Cursors must be created in the context of an active transaction
(i.e. a with/ensure-transaction
body). A cursor is made
through a call to the make-cursor
method of the BTree you wish
to traverse. You must ensure that the cursor gets closed when
the stack is unwound; it's best to use the convenience macro
with-btree-cursor
instead of make-cursor
.
An existing cursors can also be duplicated within the same transaction
by calling cursor-duplicate
which avoids the overhead of
setting a second cursor to the same location.
Cursors can be in two states: initialized and uninitialized. BTree Cursor API for details.
To initialize a cursor, you have to use one of the initializing functions to select a key-value pair in the btree.
cursor-first
and cursor-last
: initialize the
cursor to the first and last element of the btree, respectively.
cursor-set
and cursor-set-range
: Sets the cursor
to the first key-pair values according to the specified key. If the
set fails, the cursor will remain uninitialized. The ranged set will
set it to the first key-value pair where the key is equal to or
greater than the key argument.
A valid cursor will return multiple values: (exists? key
value)
. The first argument tells whether or not the cursor is
initialized and pointing at a proper value. The second two arguments
are self-explanatory.
cursor-current
returns the current state of the cursor, nil if
it is uninitialized.
Once a cursor is properly initialized, it can be incremented or decremented, a simple constant-time operation on BTrees.
cursor-next
and cursor-prev
move the cursor a single step
forward or back across the sorted key-value pairs. cursor-next
moves in ascending order, cursor-prev
in descending order.
Finally cursors can be used for side effects on the current key-value
pair. The function cursor-put
replaces the value (but does not
increment the current value) and cursor-delete
deletes the
key-value pair and become uninitialized.
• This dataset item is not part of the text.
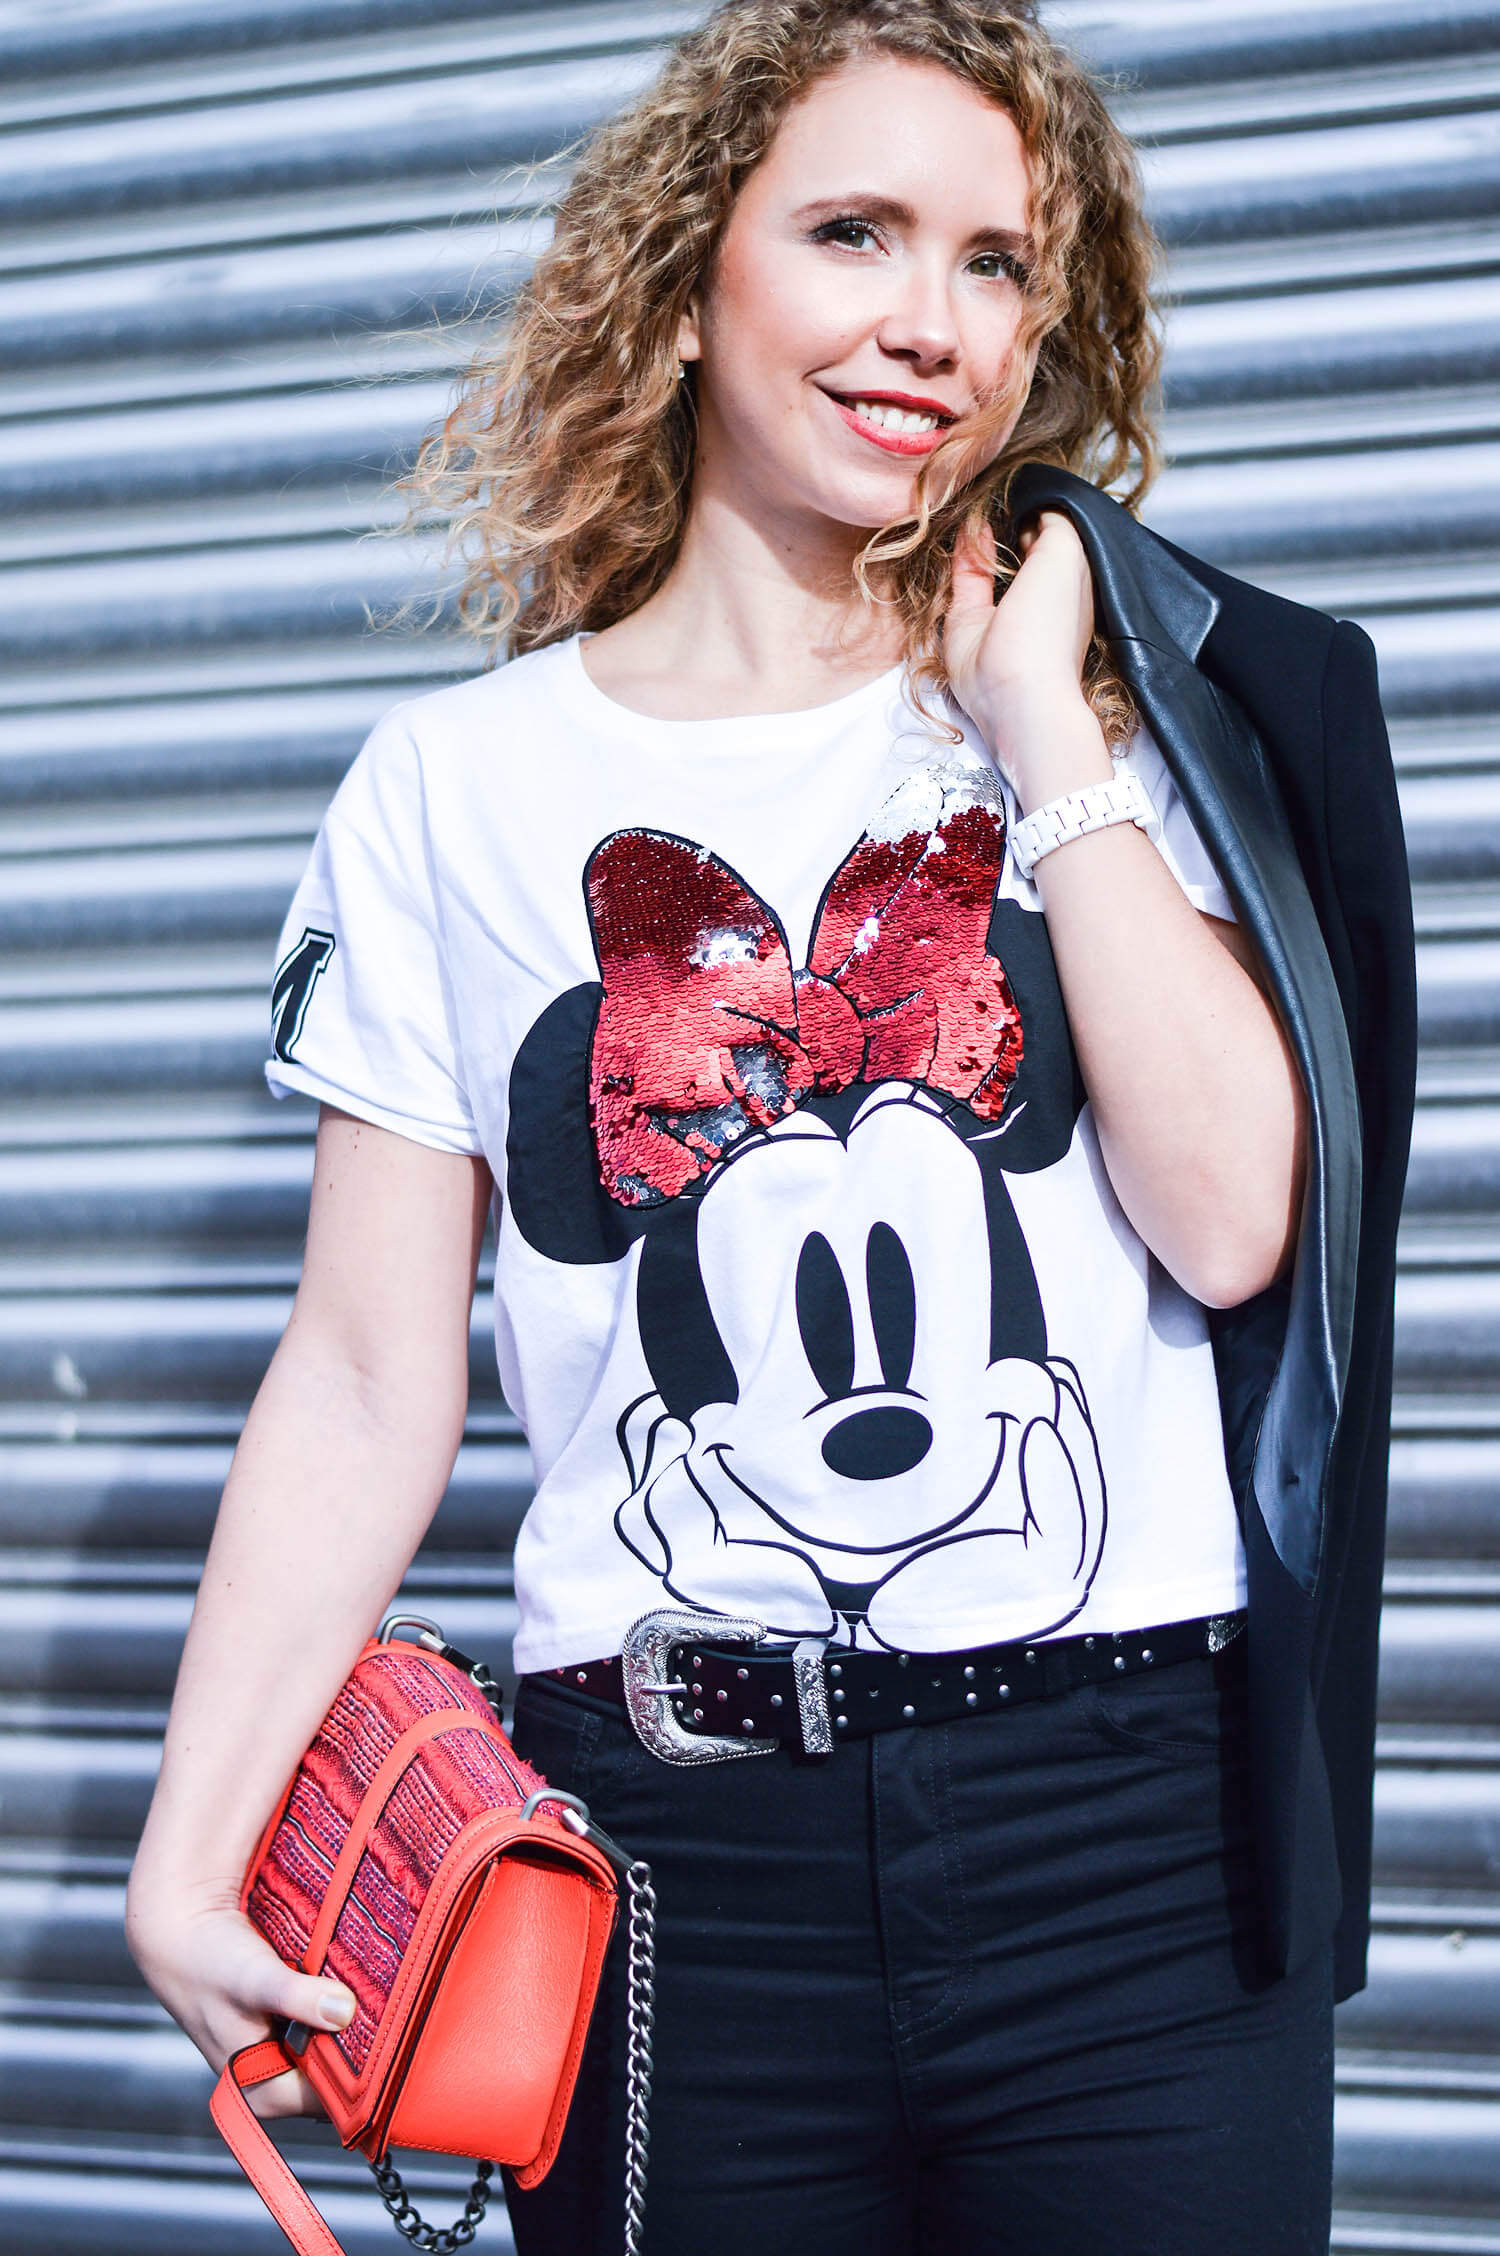 kationette-fashionblog-Outfit-Minnie-Mouse-HighWaist-Denim-Fishnet-stockings-RebeccaMinkoff-crossbody-curls
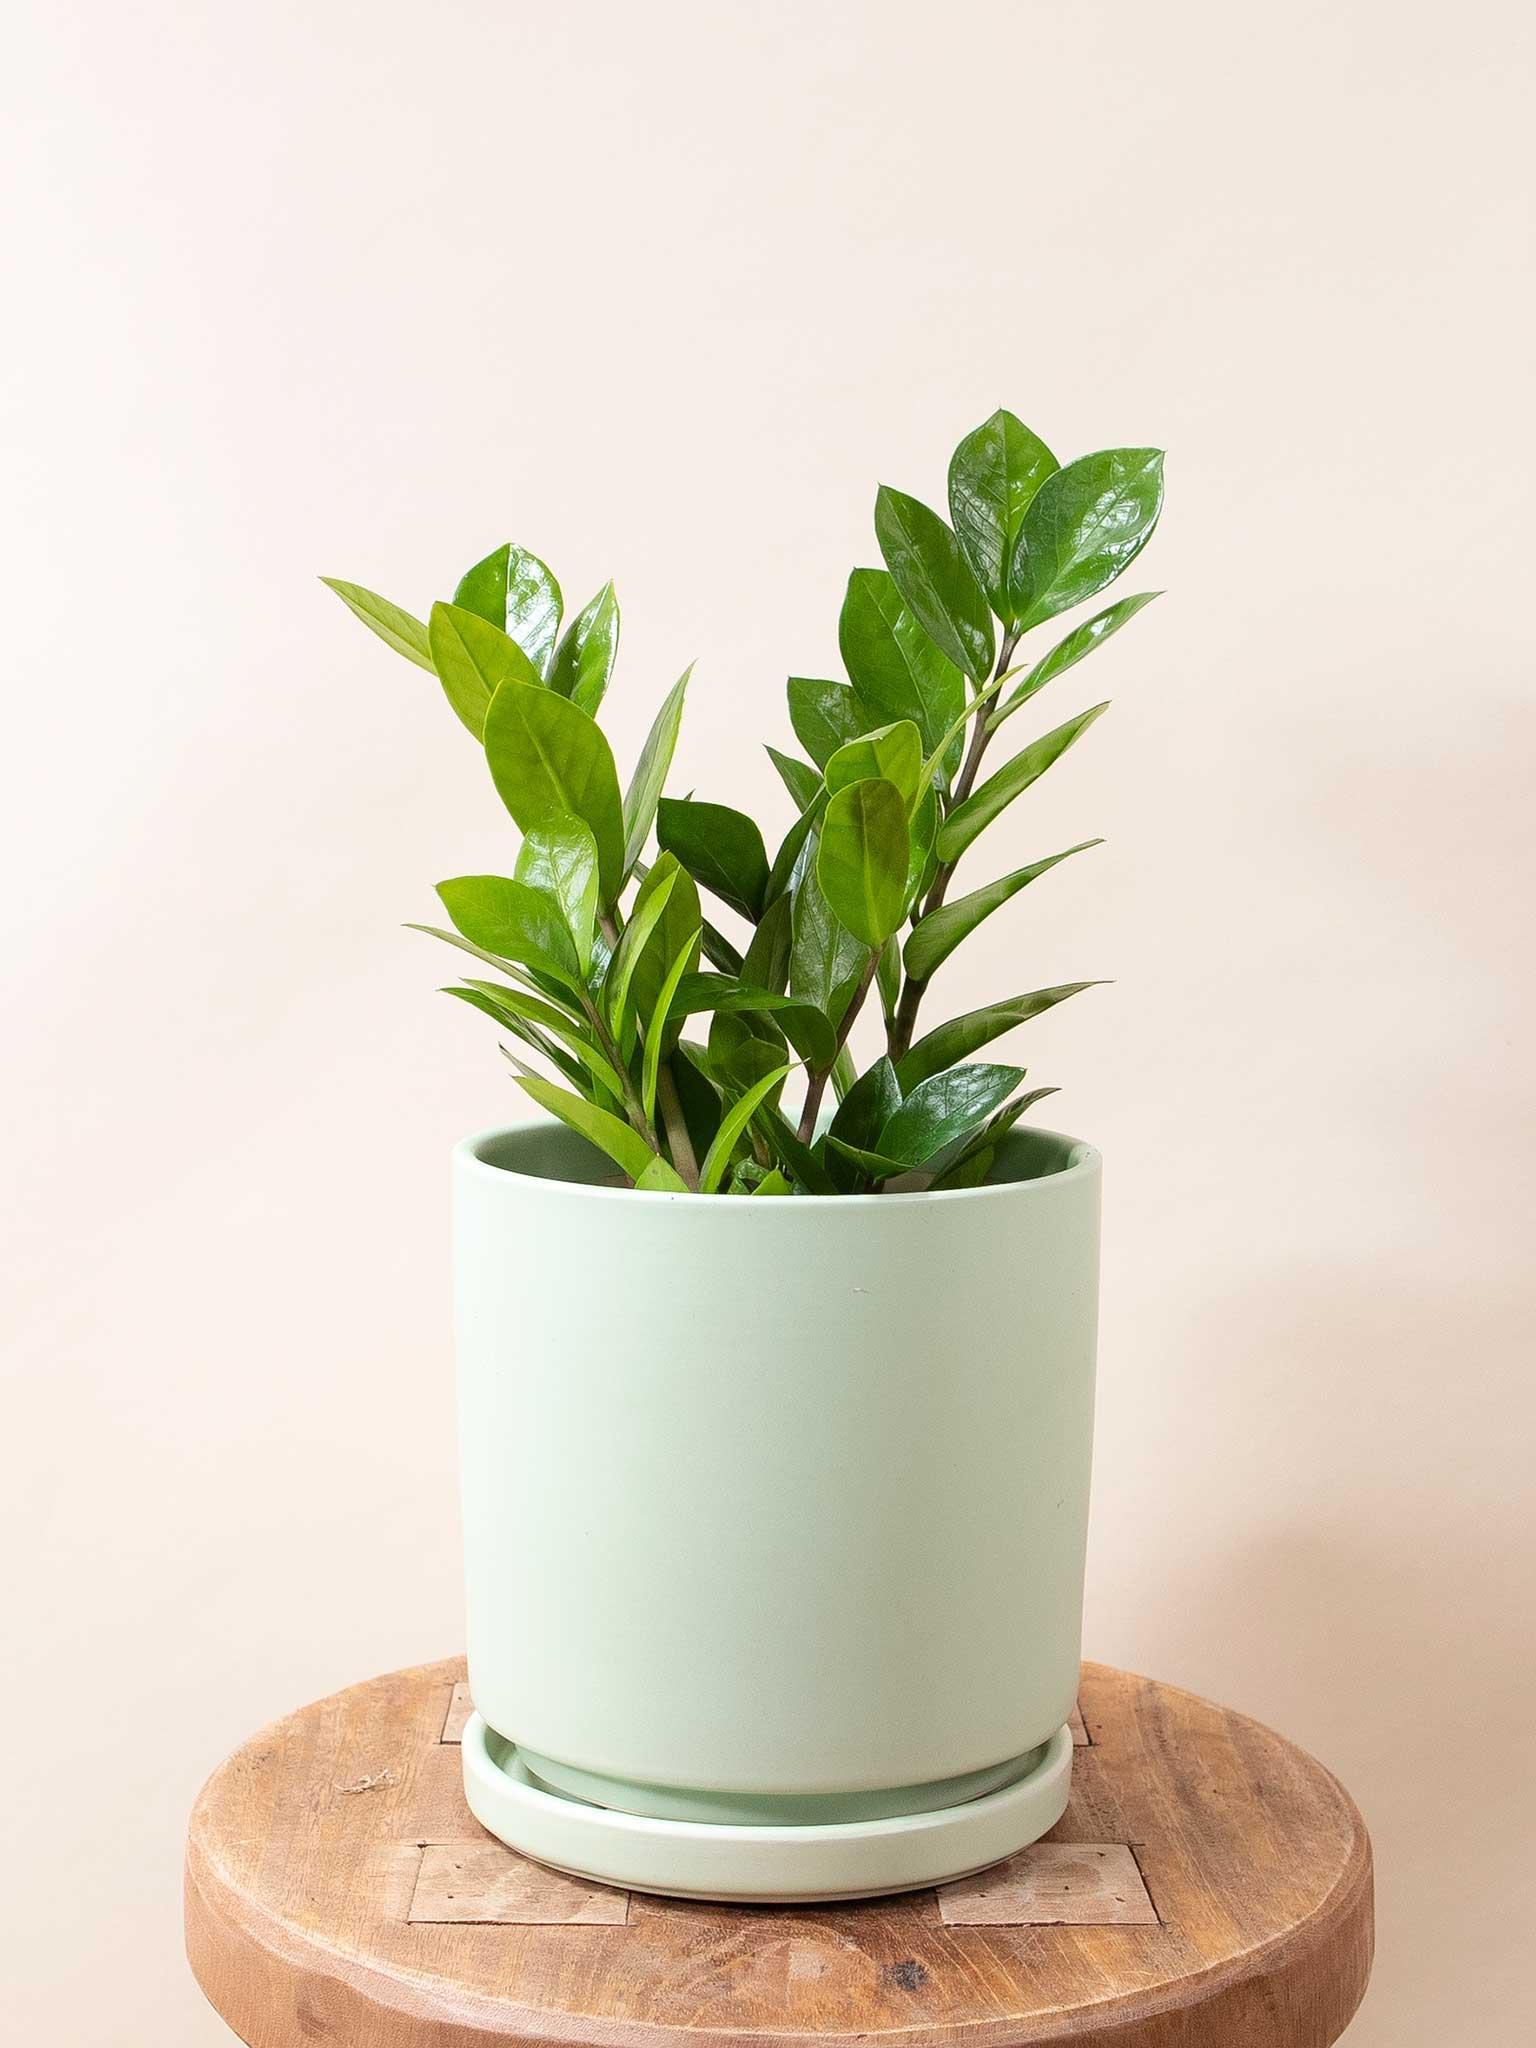 ZZ plant on a stool

It is a valid operation to
use the (setf get-value)
method while the cursor is active to
change the value at the current cursor.
If cursors take place within a transaction, what happens when traversing a very large BTree? This depends on the data store policy regarding whether a cursor read locks its entire btree (or the subset that is being iterated over) or allows changes to any pairs its transaction has not changed. See your data store documentation for details.